While rates have since come down, a view has taken hold that the People's Bank of China (PBoC) was caught by surprise and was slow to react to the freezing up of short-term money markets. Some analysts even reckon there was a serious policy miscommunication—one that carries the risk of defaults on interbank payments and even the failure of some smaller financial institutions.

But such views are not well-founded. The central bank was signaling that credit growth was excessive well in advance of the rise in rates. And the China Banking Regulatory Commission was issuing new regulations to curtail the growth of shadow banking. In particular, it targeted controversial wealth management products—lightly regulated time-limited deposits with high interest rates—the financing of which is closely tied to the interbank market.

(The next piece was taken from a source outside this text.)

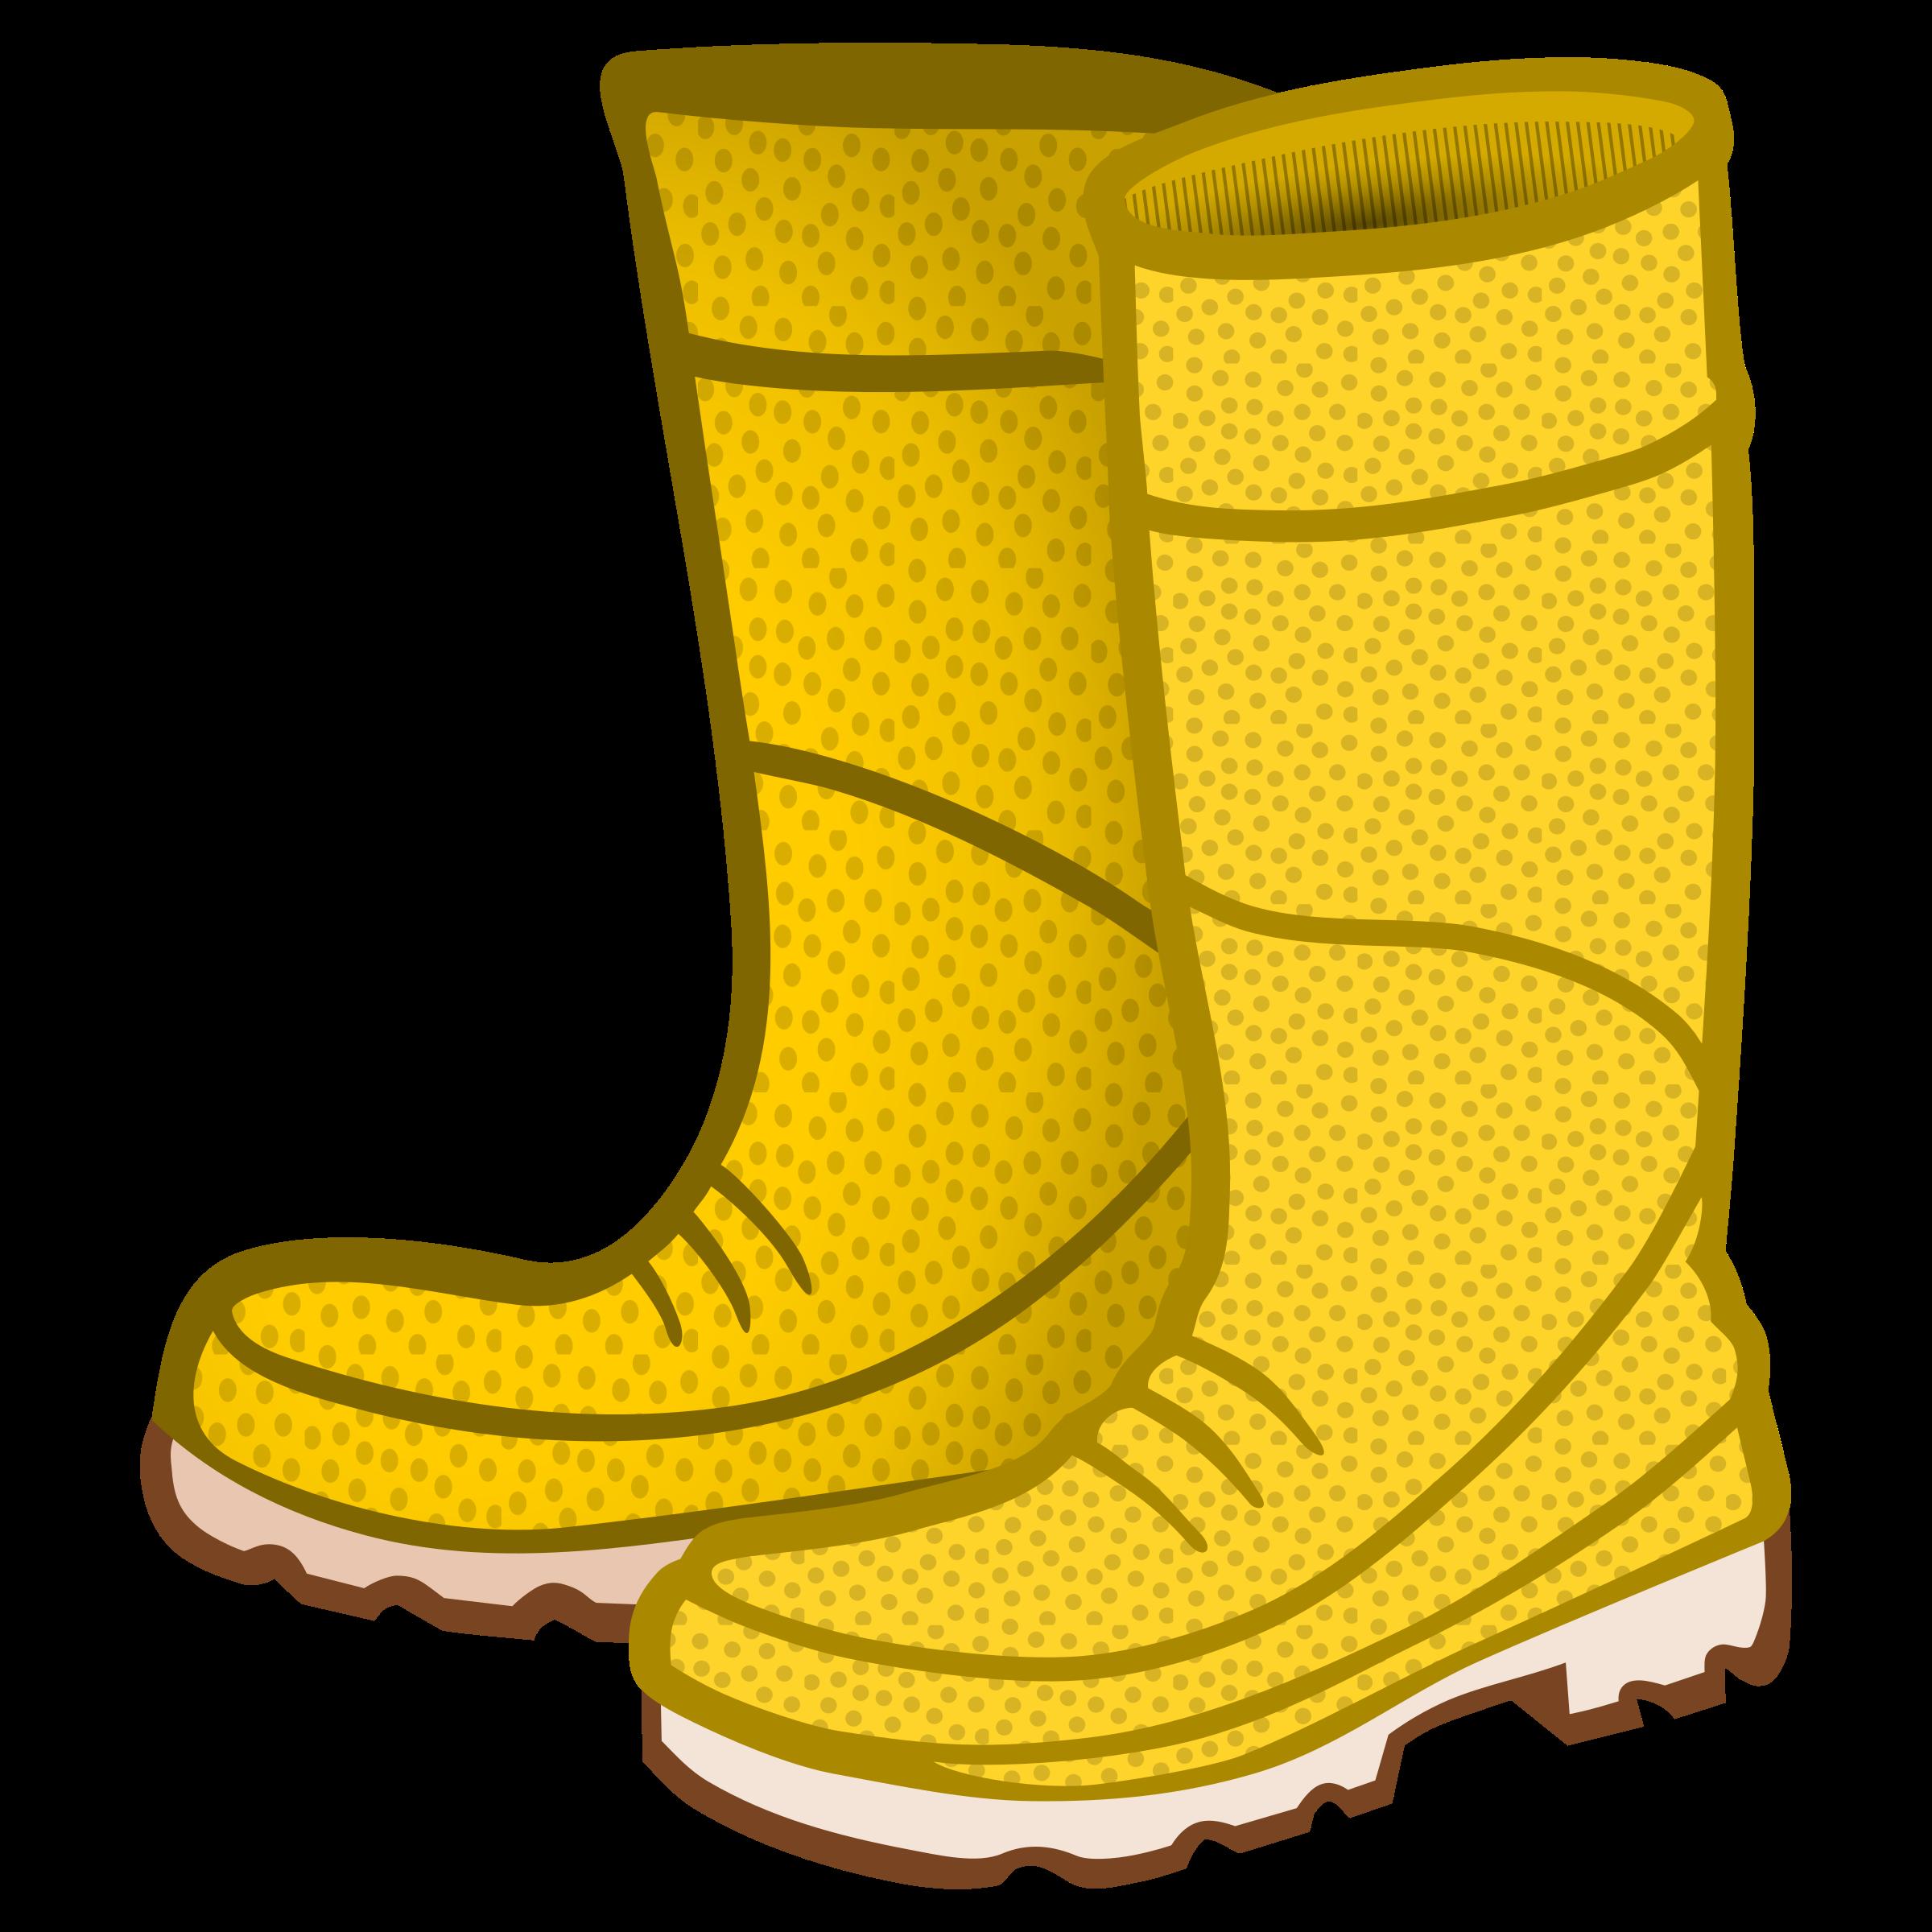 Rain boots clipart rubber boots coloured.

The PBoC deliberately allowed rates to rise as a shot across the bow of midsized financial institutions that were borrowing heavily in the short-term interbank market to finance longer-term loans. The consistent central bank message has been that banks need to better manage liquidity risk. Furthermore, the PBoC has a range of other instruments to increase liquidity. The risk of a financial institution failing as a consequence of tightening liquidity conditions is vanishingly small.

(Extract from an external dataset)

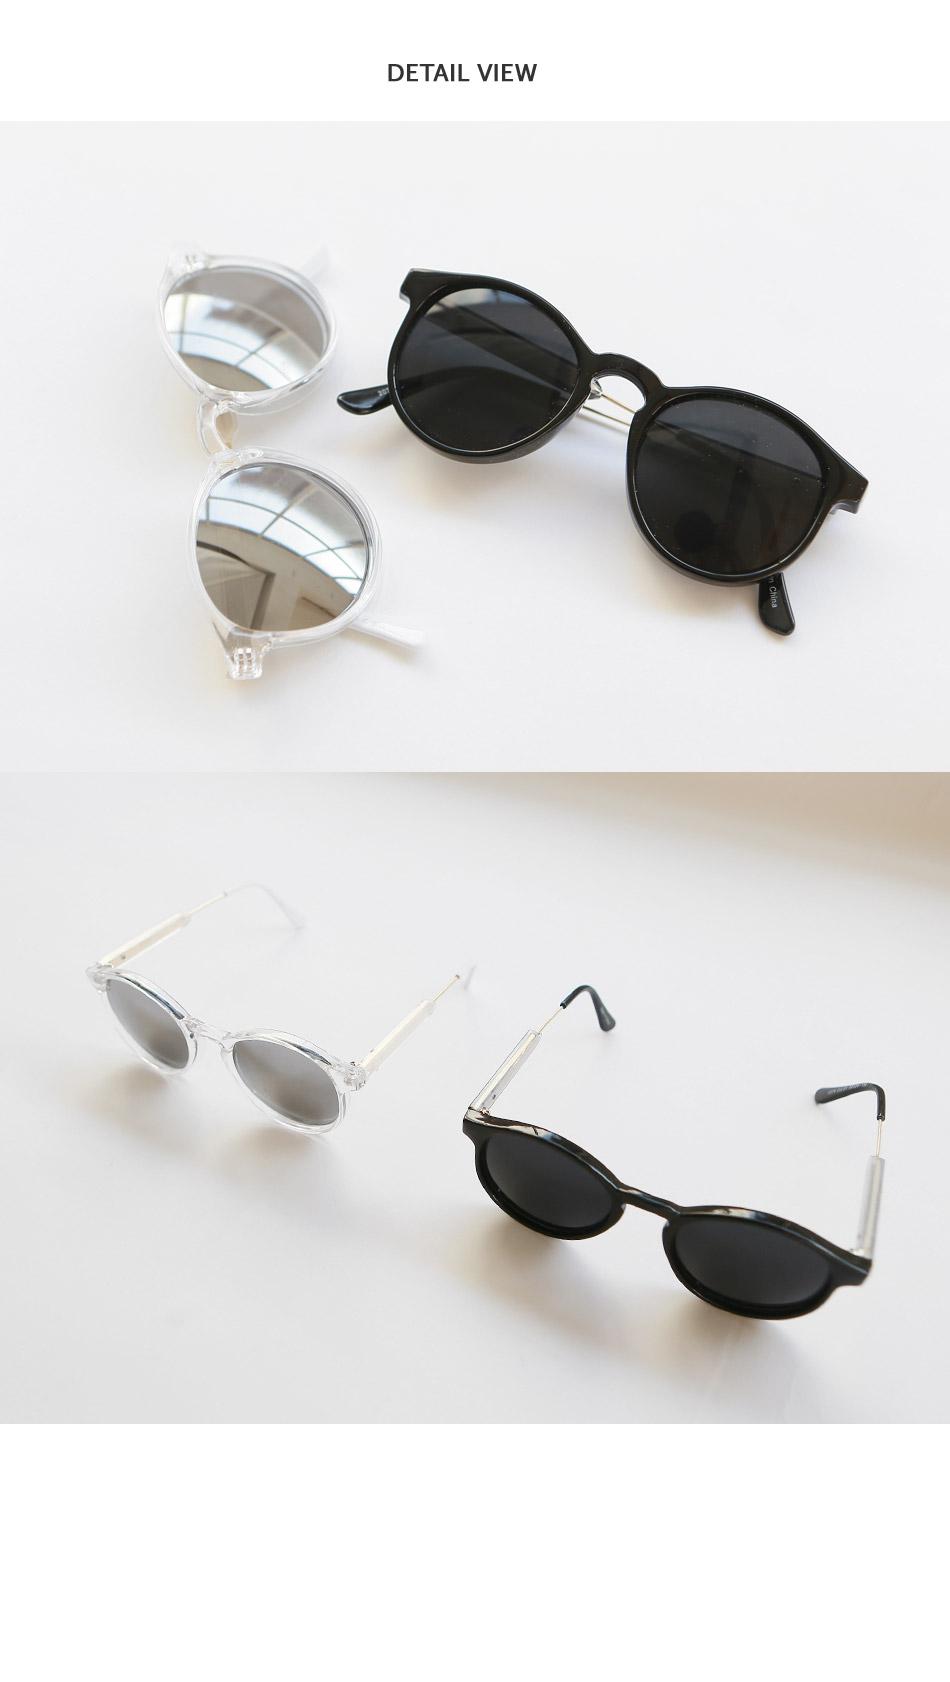 Wading sunglasses

The episode should not further reduce expectations for China's economy. Growth was weak in the first quarter and is likely to have weakened further in the second for reasons that are well understood—moderating investment growth in the face of substantial excess capacity in many industries, weakening demand, and very modest export growth.

The sharp increase in rates has led to increases in other short-term rates and temporarily curtailed the growth of some types of longer-term credit. For example, a number of planned corporate bond issuances have been delayed. But the rise does not presage a sustained general tightening of bank credit and other longer-term sources of funding that would further drag down economic growth. Growth may well slow further but this will be more because of fundamentals than credit market developments.

Indeed, the episode is generally positive for the trajectory of economic reform under China's new leadership. Mr. Li in recent speeches has specifically rejected the view that a new stimulus program should be launched to counter slowing growth. He warns that the room for further stimulus is narrow and, in any case, would create new risks and problems. Rather, he has signaled that China should rely more on the market to sustain economic growth.

A key component of this reform program is the gradual adoption of market-oriented interest rates, which means eventually abolishing the ceiling on rates paid to bank depositors that has led to a low interest rate environment for the better part of a decade.

The implicit message of recent developments in China's money markets is that broader interest rate reform is coming and that the corporate sector, which has borrowed heavily, will need to cut costs and improve productivity in order to remain profitable.

This is particularly true for state-owned businesses, whose return on assets has fallen significantly in recent years and whose financial losses have grown substantially. While reform of state-owned enterprises is not specifically on the leadership's reform agenda, interest rate liberalization will force reform on them by stealth. Companies that cannot sustain profitability as rates rise will have to sell assets, be taken over by stronger players, or give up.

Simultaneously, interest rate reform will boost economic growth by increasing further the flow of credit to China's more creditworthy businesses. This will mostly favor the private sector, where the average return on assets is currently about three times that of state firms.

Of course the banks that have benefited from the cosseted interest rate environment of recent years will resist reform, as will the most heavily leveraged portions of the corporate sector.

Whether China's new political leadership will be able to overcome these and other vested interests will be the most crucial determinant of the success of planned reforms and the prospects for sustaining economic growth during the ten-year term of the new leadership.